*** Opening of COLLECTED MATERIAL ***
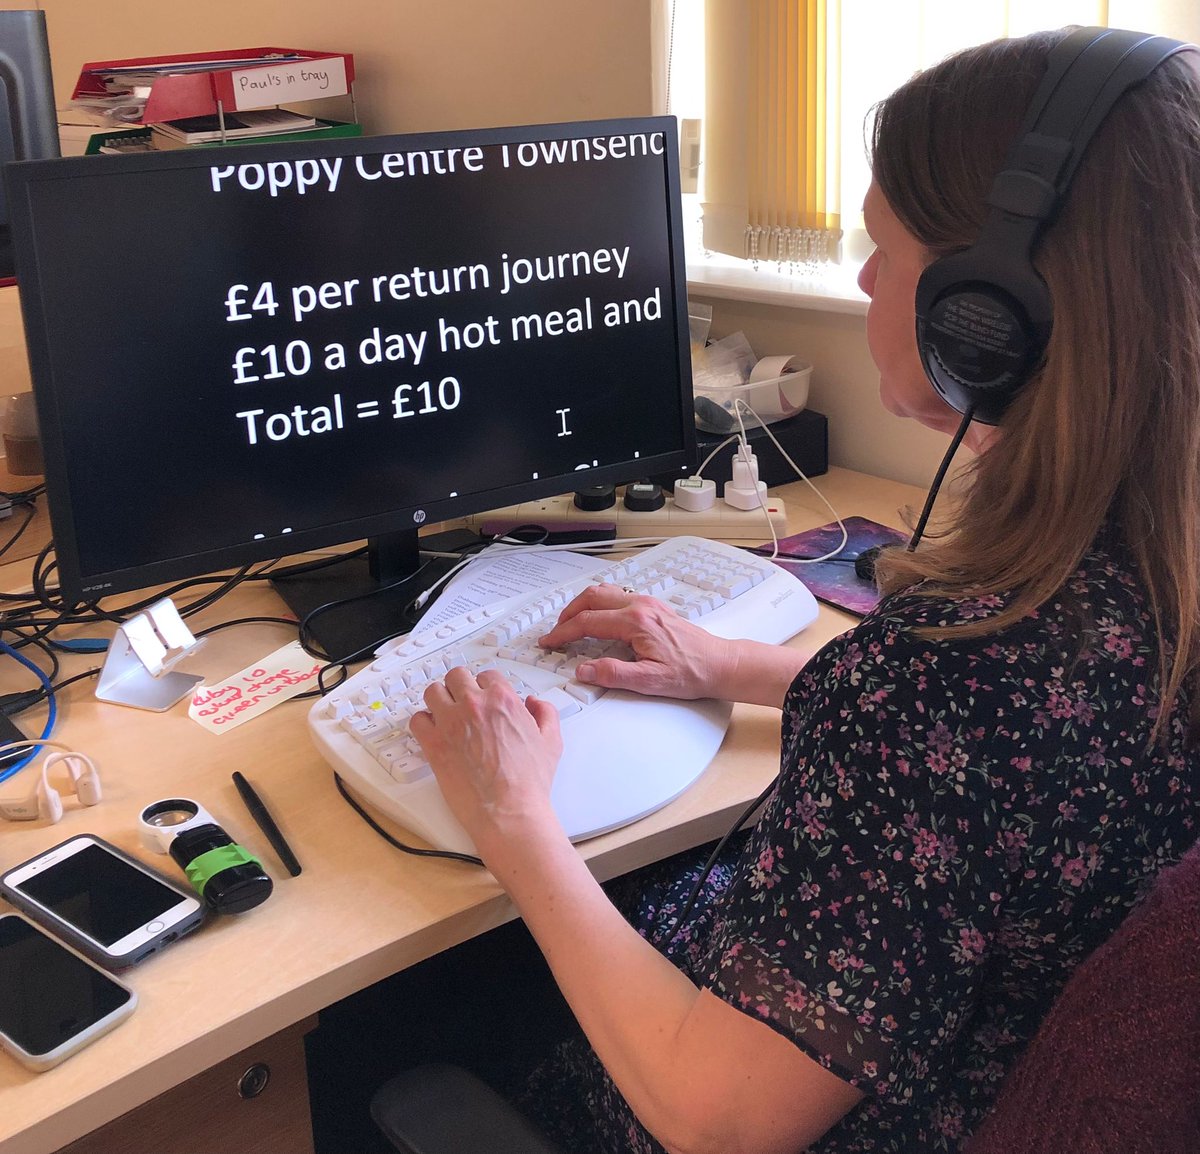 A screen reader is a software programme on a phone or computer, providing auditory feedback of screen content to blind and partially sighted users through audio cues, vibrations, and sound alerts.
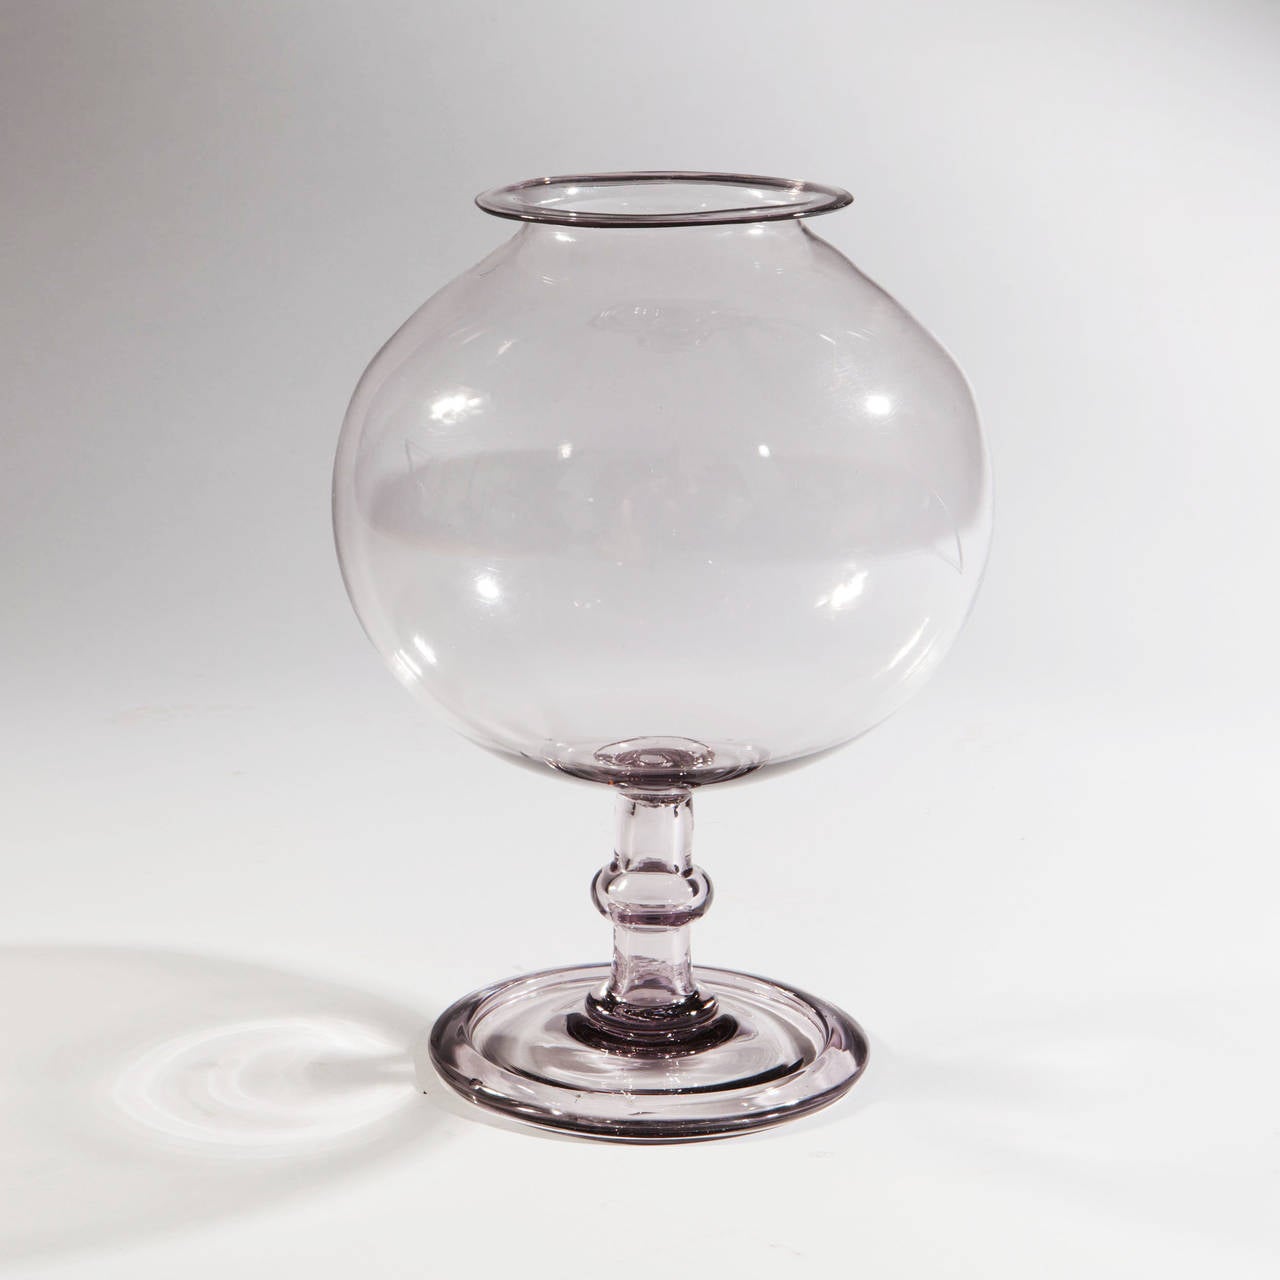 A rare mid-18th century glass fish bowl of large scale supported on a wide circular foot
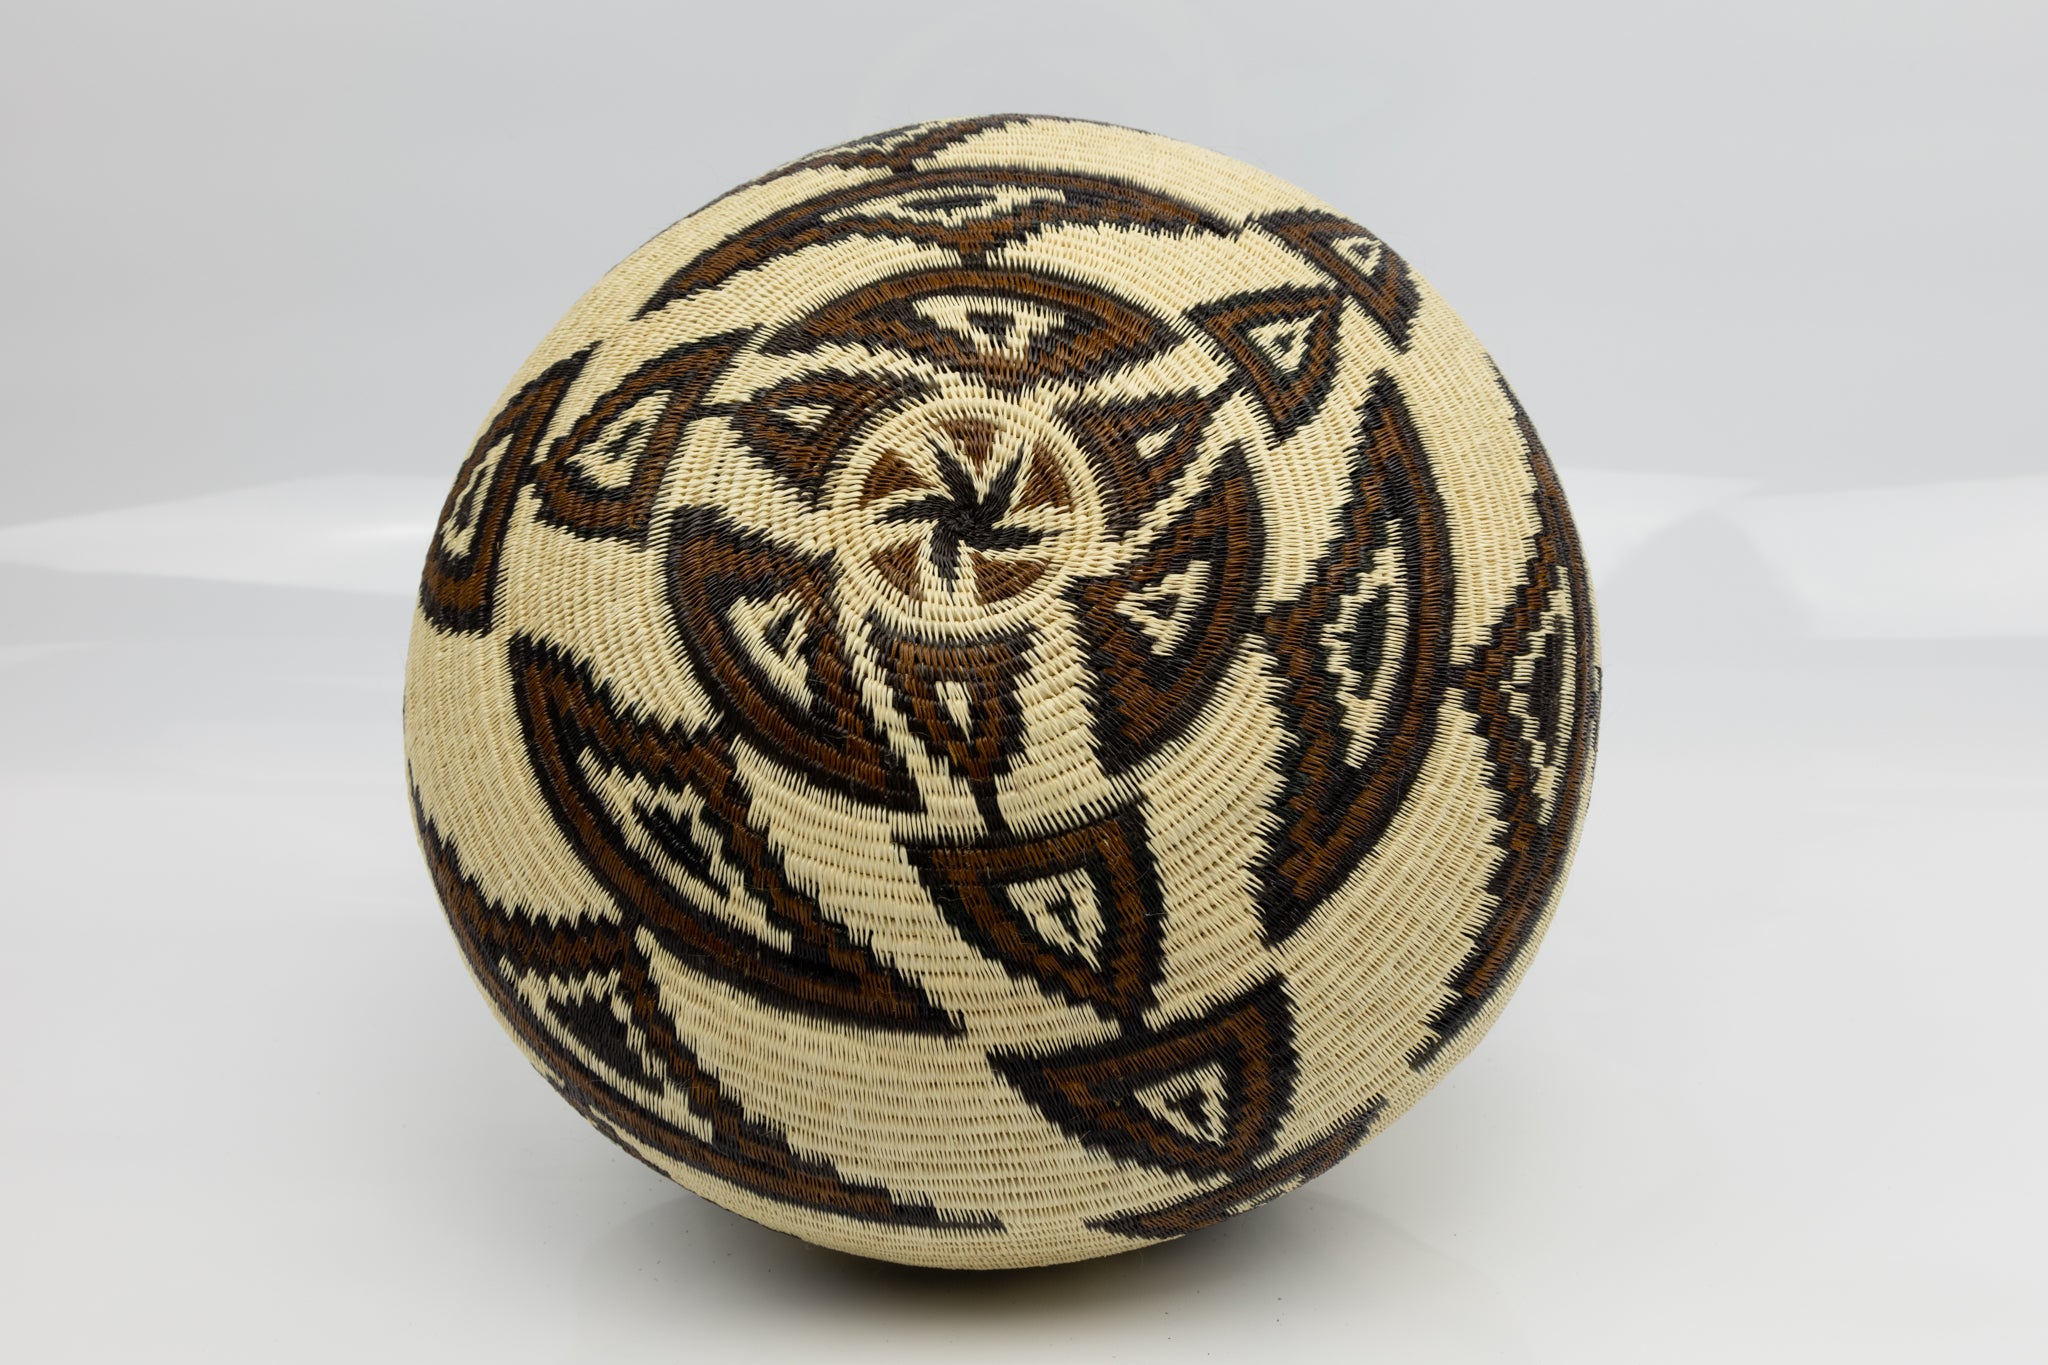 Wounaan classic design woven basket. Brown white and black.
*** Close of COLLECTED MATERIAL ***
Apart from its pictures, the data is to be repeated exactly.

- OUTPUT BELOW -
 A screen reader is a software programme on a phone or computer, providing auditory feedback of screen content to blind and partially sighted users through audio cues, vibrations, and sound alerts.
 A rare mid-18th century glass fish bowl of large scale supported on a wide circular foot
 Wounaan classic design woven basket. Brown white and black.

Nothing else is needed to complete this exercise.